Due i lavori, per molti aspetti uno opposto all’altro che ben definiscono un discorso sperimentale (o almeno ci provano), Lo Scuru (Tunue) di Orazio Labbate e Arrenditi Dorothy! (L’orma editore) di Marilena Renda. Se il primo sconta in maniera eccessiva la passione dell’esercizio, il discorso illustrato di Marilena Renda colpisce per divertimento e intelligenza. Non dico che sia una narrazione intelligente e divertente, non sono queste le sue ambizioni, ma costruisce una relazione di curiosità con il lettore. Ostile è invece il lirismo di Cella (Marsilio) di Gilda Policastro vera e propria costruttrice di quinte teatrali sul corpo dei suoi protagonisti/attori. Non azioni, ma atteggiamenti, non intenzioni ma rigurgiti fisici. Un’ostilità che permea le sue pagine con intrigante fastidio e deprimente ottusità. Gilda Pollastro costeggia l’aura del sarcasmo e seduce con l’incapacità di uno sguardo teso. I suoi testi tradiscono e deludono perché é la delusione stessa il terreno del suo confronto: seduzione e delusione quali mezzi per anticipare ed eludere qualsiasi sfida o confronto.

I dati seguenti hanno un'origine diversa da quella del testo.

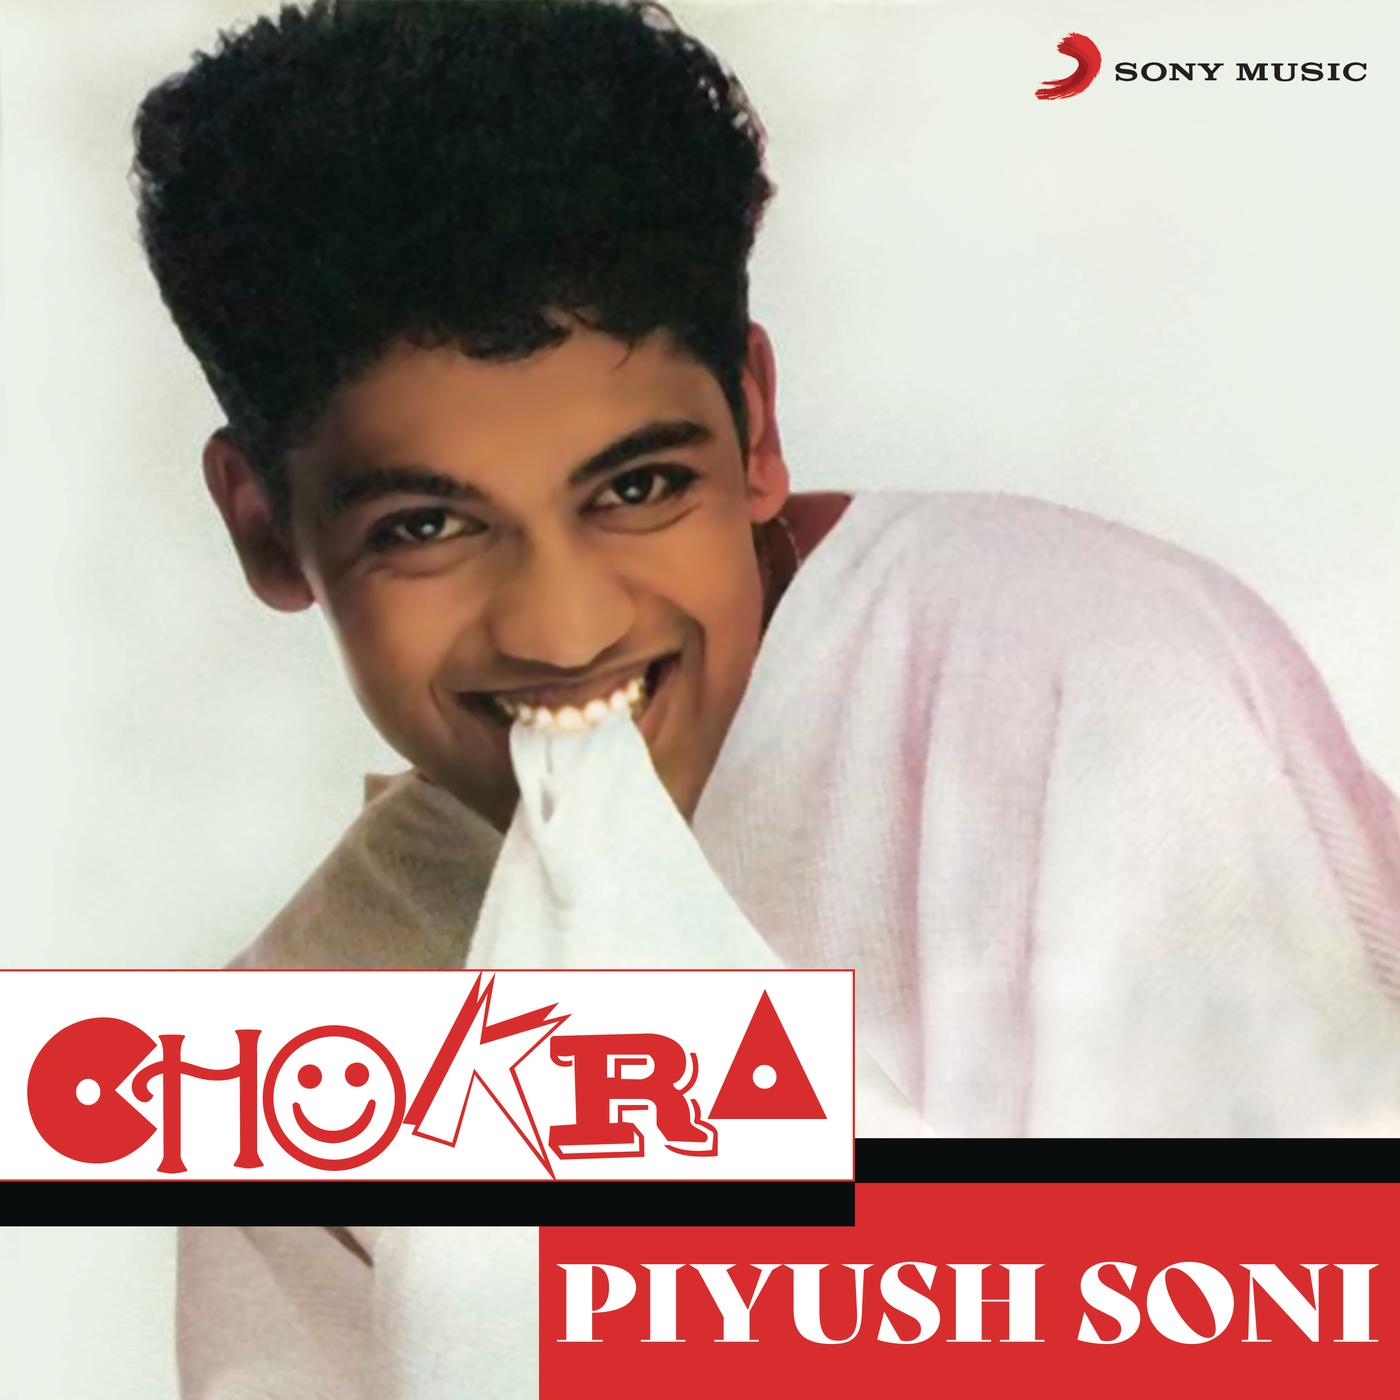 Chokra - Piyush Soni

In direzione comoda e contraria (ma mai contro vento) veleggiano invece gli adepti di uno storytelling in fuga perenne da ogni forma di realtà, ma affascinati e compressi in un realismo moralista fatto per amore di ricostruzione e di ricontestualizzazione. Antonio Scurati con Il tempo migliore della nostra vita (Bompiani) e Marco Missiroli con Atti osceni in luogo privato (Feltrinelli) sono probabilmente i più luminosi rappresentanti di una narrazione ravvicinata del terzo tipo che mischia storia a vita privata in una rielaborazione domestica di un discorso postmoderno che in Italia sembra avere ancora vita lunga proprio perché compresso e frainteso.

La lettura dei lavori di Missiroli e di Scurati ancora una volta sembra rivelare l’incapacità di uccidere pienamente il padre, con il risultato di una narrazione che al netto degli stereotipi e di qualche caduta di linguaggio pare non andare oltre ad un compito strettamente didascalico e pedagogico. Una limitatezza che colpisce ancor di più viste le qualità dei due autori e che evidentemente supera i confini della scrittura, scontando un contesto e un clima difficile da respirare quanto da interpretare.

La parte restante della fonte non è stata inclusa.